Nassau County wants to add more fees to tickets issued by red-light cameras and police officers.
"The extra fees that they're putting on, it's ridiculous," says Arthur Samos, who lives in Floral Park. "It's one way of getting more money for the county."
Democrats say the county faces a projected $180 million deficit next year. Republican County Executive Ed Mangano says increasing the $55 fee on traffic and camera tickets will raise $35 million. Lawmakers have not decided on how much to hike it.
But taxpayers say the current $55 fee is already too high.
Democrat Kevan Abrahams, the minority leader of the Nassau County Legislature, says raising the fee is a "backdoor tax."

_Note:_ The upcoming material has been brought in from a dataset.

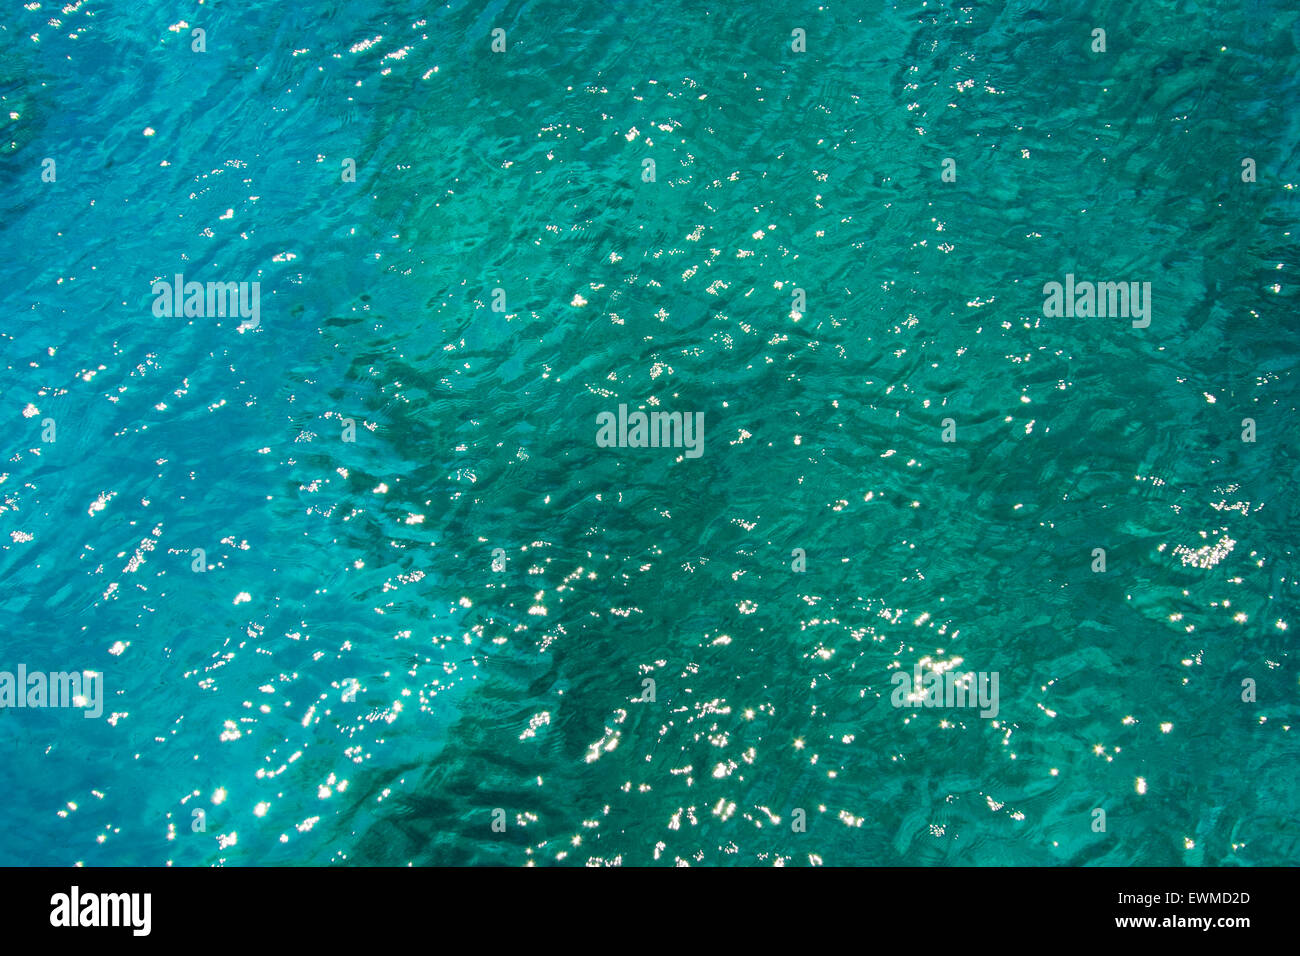 Dettaglio della laguna blu a Malta, che mostra la ricchezza di colori e la limpidezza dell'acqua, facendo per un impressionante consistenza. Foto Stock

"These fees are not tied to services," he says. "They're not enhancing police. They're not hiring more police officers. We're not reducing overtime. We're not doing anything with these fees."
And Alec Slatky, a spokesman for AAA, is urging lawmakers to reject the fee hike as well.
"I think it has a negative impact on traffic safety, because when you make traffic enforcement about balancing the budget that makes people less inclined to support genuine safety measures," he says. "So this really diminishes the traffic safety culture."
Nassau taxpayers will get a chance to weigh in on the proposed fee hikes at several public hearings later this month. The budget must be approved by Oct. 31.